Após esse verdadeiro manifesto poético de sintonia intergalaxial, a terráquea Silvia comenta com um quê de inveja:
"E você pode me explicar por que eles escolheram logo um planeta de merda como a Terra pra começar de novo? Em matéria de angústia, ninguém vai ganhar da gente. Pelo menos de mim não.'' Ao que Ana dá a frase final da seqüência:
"Pelo jeito, a angústia não tem limites nem medida... Pelo menos ninguém quer acabar. A mente quer continuar."
Tentando e conseguindo se comunicar com o mutante que não fala, não come, não vê televisão, mas faz amor cosmicamente, a personagem de Vera Fischer se apaixona e declara:
"Quanto tempo ficou desintegrado no espaço... Quando você chegar lá, eu já vou estar morta há muitos anos. Se você me deixar aqui eu nunca mais vou te ver. E vou saber que você existe. E está perdido na luz. Eu passei a vida esperando. E agora eu sei que chegou o que eu sempre desejava. Você é Deus que veio ao meu encontro. O meu Deus que chegou."
Captando mentalmente as mensagens do homem que veio através da luz, Ana anota num papel o seu pedido de execução de uma fórmula química. Dirige-se a um laboratório especializado onde fica sabendo que seu pedido é muito avançado para o atual estágio científico terráqueo: "Tem coisas aqui que só se conhece teoricamente. Não se poderia achar, mas eu quero saber quem fez essa fórmula", é o que ouve da laboratorista. Ana começa a se desesperar e volta ao mutante. "Você precisa pedir uma nova fórmula para eles, hoje. Pede urna coisa mais simples. É impossível fazer aquela fórmula, Você está sofrendo, não é? Impossível fazer alguma coisa. Não posso te ver assim."

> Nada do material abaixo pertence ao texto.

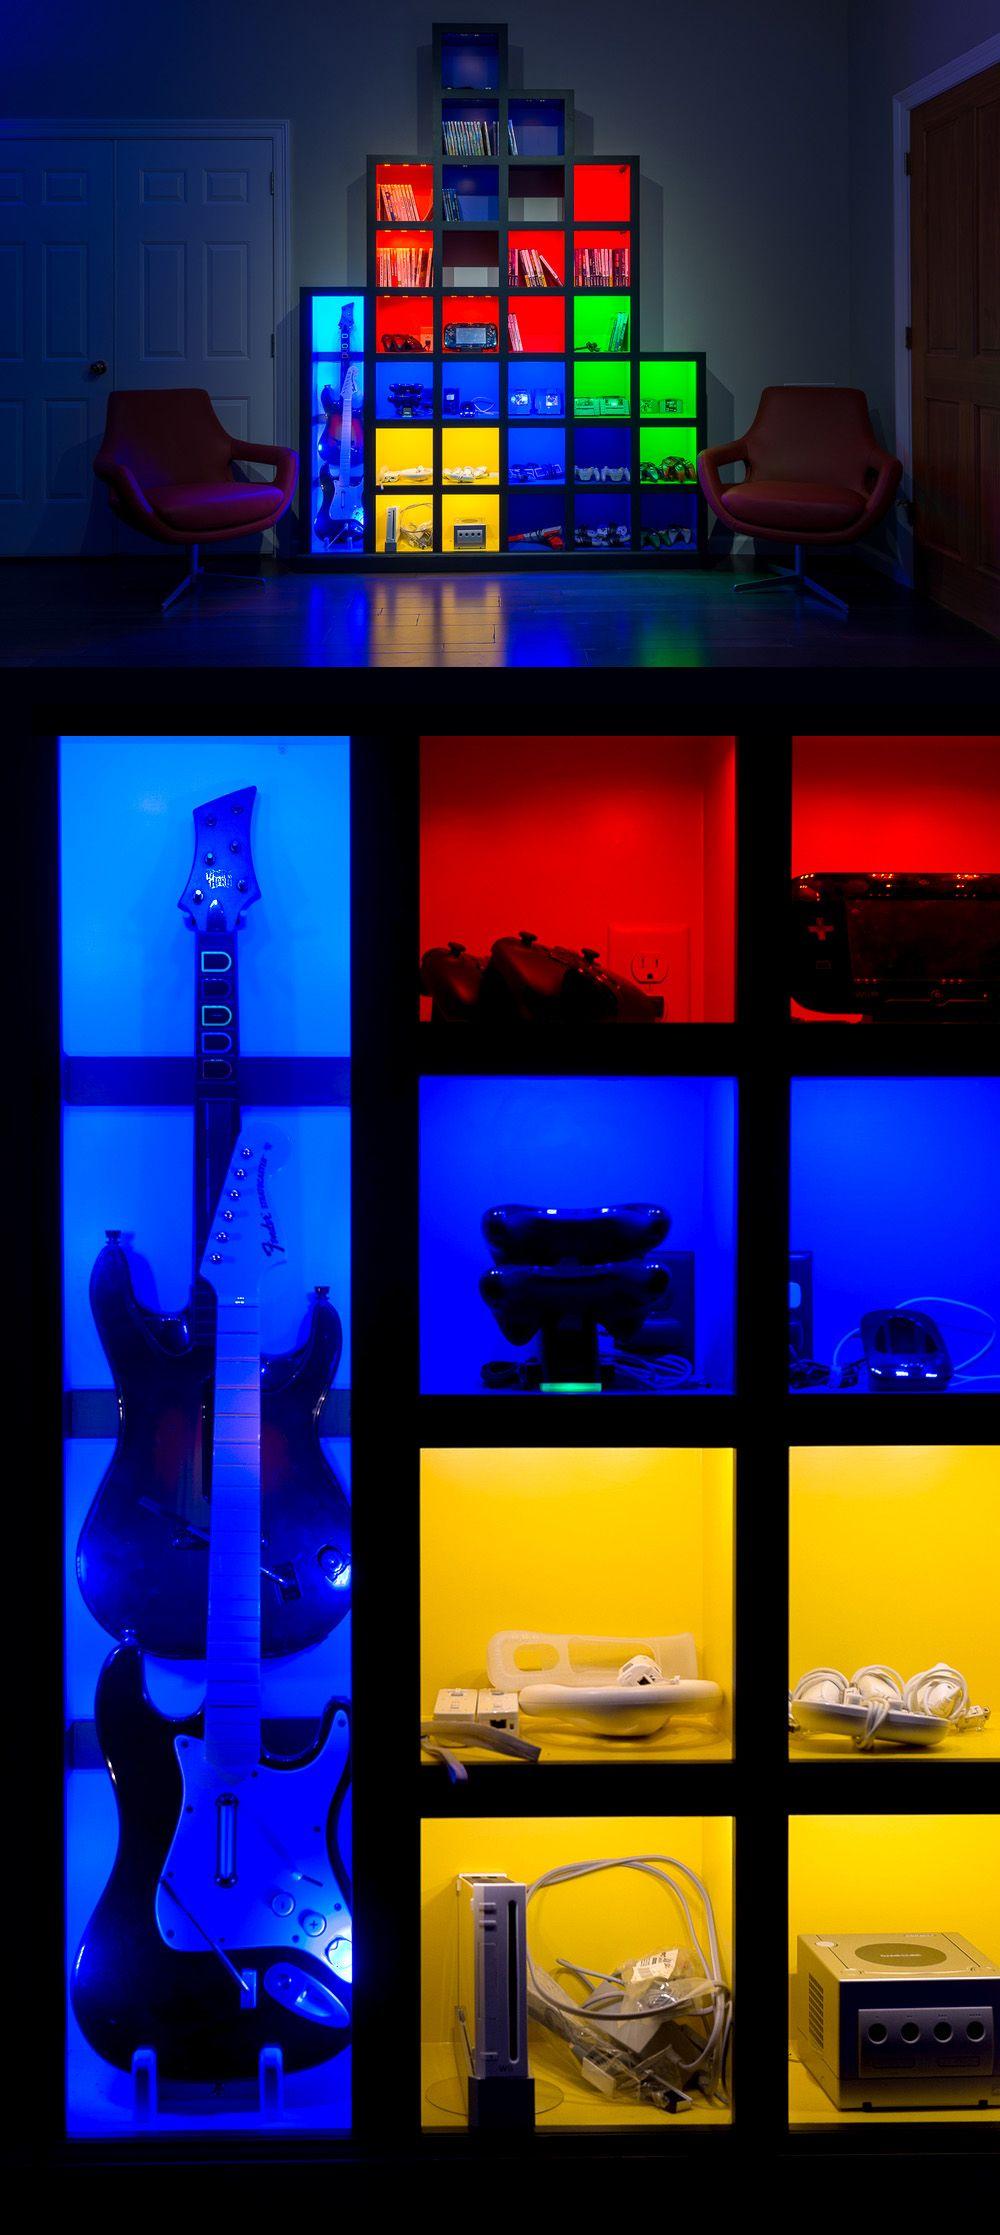 game room lighting ideas. More Ideas Below: Teenage Gamer Room Organization Girly Games Lights Seating Decor Minimalist Game Lighting G
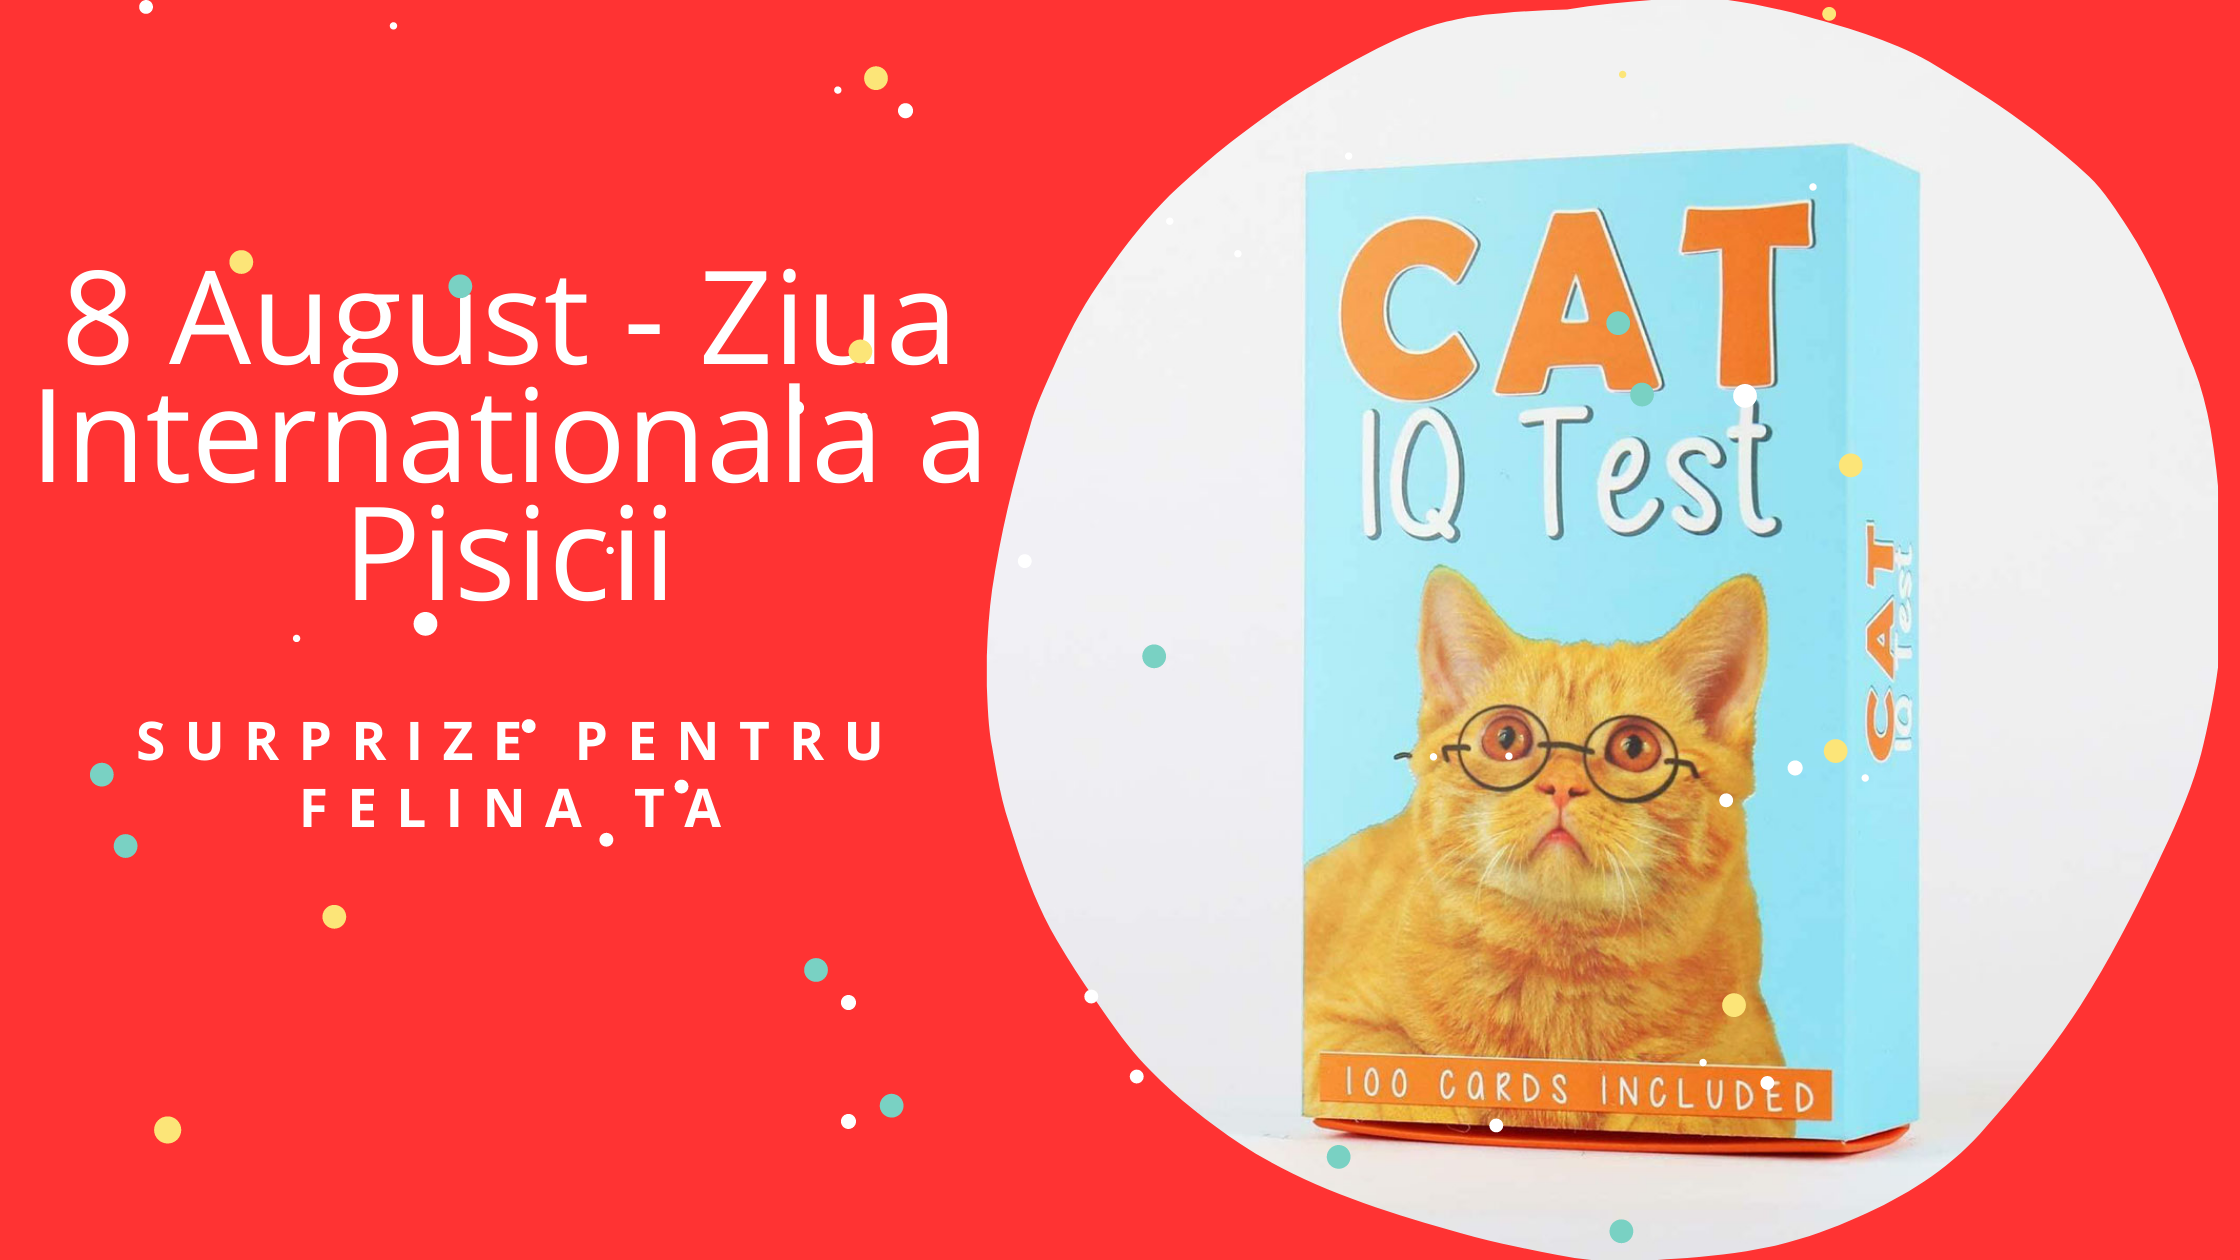 8 August - Ziua Internationala a Pisicii

O que o mutante teria pedido à jovem sensitiva com a condição sine qua non para continuar na Terra? Eis a metafísica da sintonia intergalaxial. E, no entanto, para o avançado ser da luz talvez fosse algo muito simples.
Filme de science-fiction sem efeitos especiais ou visuais, Amor Voraz é um raro exemplar da inesgotável força do cinema como veículo de sugestões poéticas. Só com muito talento é possível conseguir a densidade que Khouri atinge aqui com recursos mínimos: uma casa à beira de um lago, extraindo pura magia a partir da paisagem, muito também devido à extraordinária luminosidade da fotografia de António Meliande, à música altamente funcional de Rogério Duprat, à precisa montagem de Eder Mazini.
Embora não seja um filme hermético, sendo perfeitamente acessível ao grande público, Amor Voraz não é uma dessas produções que se entende definitivamente numa única visão. Ele deixa muitas sugestões, pontos de reflexão sobre a condição terráquea: um filme da transição astral Peixes/Aquário? Homem espacial ou homem aquático? Ou apenas a poesia que nasce de uma sintonia experimental, visionária e intergalaxial?
Pessoalmente ficaria com a última interrogação e com a certeza de que a chave para a compreensão de Amor Voraz não está só nele, mas em outros filmes de Khouri, principalmente os standard: o executivo (voz e vulto de Roberto Maya numa experiência de câmera subjetiva) de Eros, o Deus do Amor (1981) se relacionava com nada menos de 19 mulheres das mais belas e não encontrava uma resposta satisfatória para as suas inquietações, como também acontecia em Amor, Estranho Amor (1982) ou Convite ao Prazer (1981). Mergulhos/viagens na infância ou no futuro: Khouri procura ampliar a área humana ou não de uma nova consciência por meio de um certo desregramento de alguns caminhos. Quando se pensava que ele já estivesse fazendo uma súmula de sua obra (com Eros), como estão fazendo Antonioni, Bergman, Godard ou Fuller, o inquieto poeta de São Paulo acena com esse alto vôo intergalaxial que é Amor Voraz, indicação de que sua obra ainda tem muito campo a explorar. Como mise en scène, As Filhas do Fogo continua sendo a sua máxima experiment in terror, ou soft-horror. Este Amor Voraz seria um marco em sua obra não por dispensar totalmente as cenas de sexo implícito das quais Khouri nunca abriu mão, embora a atividade seja em si um ato de coragem num momento em que qualquer filme criativo é uma ilha rodeada de filmes hard-core por todos os lados. Haverá novos pontos tão luminosos na seqüência de sua obra em processo? Certamente é o que gostaríamos de esperar entusiasticamente, mas sem angústia...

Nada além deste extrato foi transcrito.